4️⃣ Espresso/Matryoshka Models

Truncate layers and embedding dimensions for flexible model compression.

from angle_emb import AnglE
from angle_emb.utils import cosine_similarity

# Load model
angle = AnglE.from_pretrained('mixedbread-ai/mxbai-embed-2d-large-v1', pooling_strategy='cls').cuda()

# Truncate to specific layer
angle = angle.truncate_layer(layer_index=22)

# Encode with truncated embedding size
doc_vecs = angle.encode([
    'The weather is great!',
    'The weather is very good!',
    'i am going to bed'
], embedding_size=768)

# Calculate similarity
for i, dv1 in enumerate(doc_vecs):
    for dv2 in doc_vecs[i+1:]:
        print(cosine_similarity(dv1, dv2))

5️⃣ Third-party Models

Load any transformer-based models (e.g., sentence-transformers, BAAI/bge, etc.) using AnglE.

from angle_emb import AnglE

# Load third-party model
model = AnglE.from_pretrained('mixedbread-ai/mxbai-embed-large-v1', pooling_strategy='cls').cuda()

# Encode text
vec = model.encode('hello world', to_numpy=True)
print(vec)

⚡ Batch Inference

Speed up inference with the batched library (recommended for large-scale processing).

uv pip install batched

import batched
from angle_emb import AnglE

# Load model
model = AnglE.from_pretrained("WhereIsAI/UAE-Large-V1", pooling_strategy='cls').cuda()

# Enable dynamic batching
model.encode = batched.dynamically(model.encode, batch_size=64)

# Encode large batch
vecs = model.encode([
    'The weather is great!',
    'The weather is very good!',
    'i am going to bed'
] * 50)

🕸️ Custom Training

💡 For complete details, see the official training documentation.

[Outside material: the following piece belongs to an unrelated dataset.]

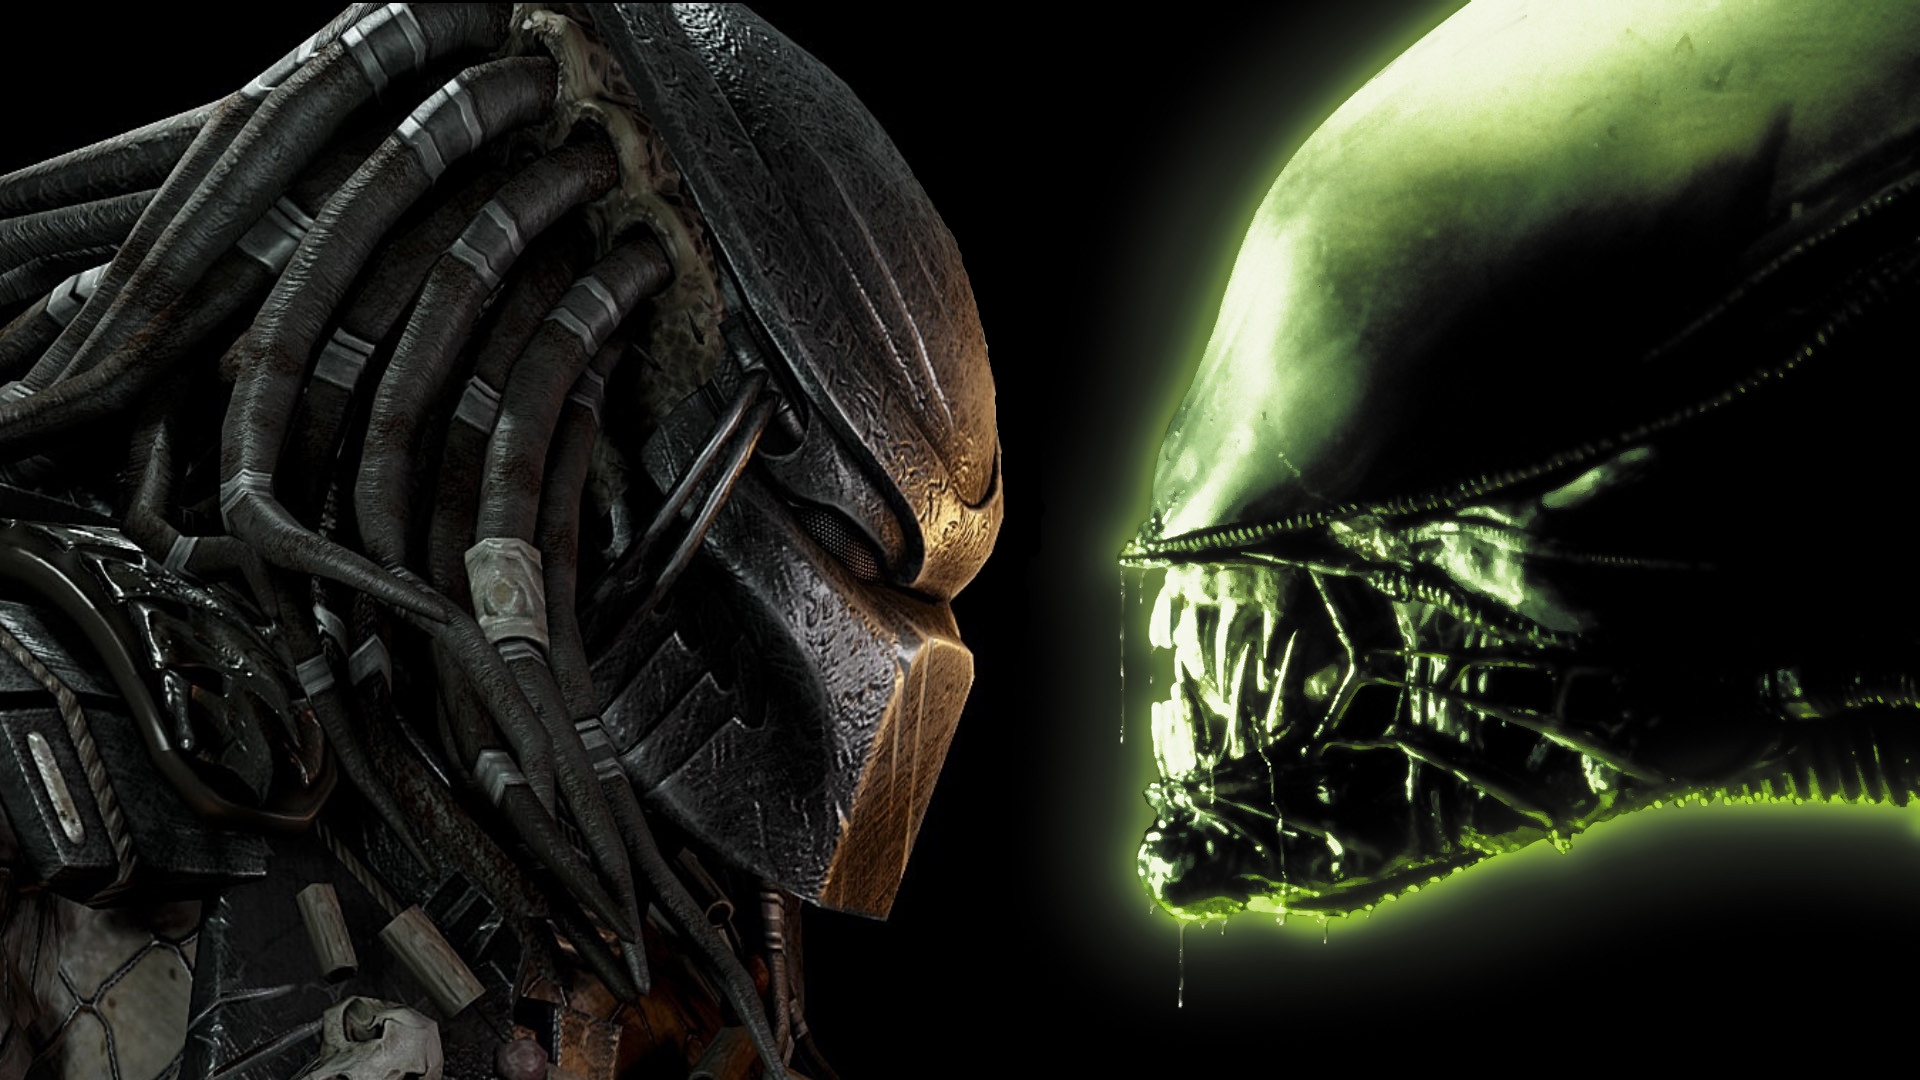 Alien vs predator vs humans  Alien vs predator, Alien vs

🗂️ Step 1: Prepare Your Dataset

AnglE supports three dataset formats. Choose based on your task:

Format	Columns	Description	Use Case
Format A	`text1`, `text2`, `label`	Paired texts with similarity scores (0-1)	Similarity scoring
Format B	`query`, `positive`	Query-document pairs	Retrieval without hard negatives
Format C	`query`, `positive`, `negative`	Query with positive and negative samples	Contrastive learning

Notes:

All formats use HuggingFace datasets.Dataset
text1, text2, query, positive, and negative can be str or List[str] (random sampling for lists)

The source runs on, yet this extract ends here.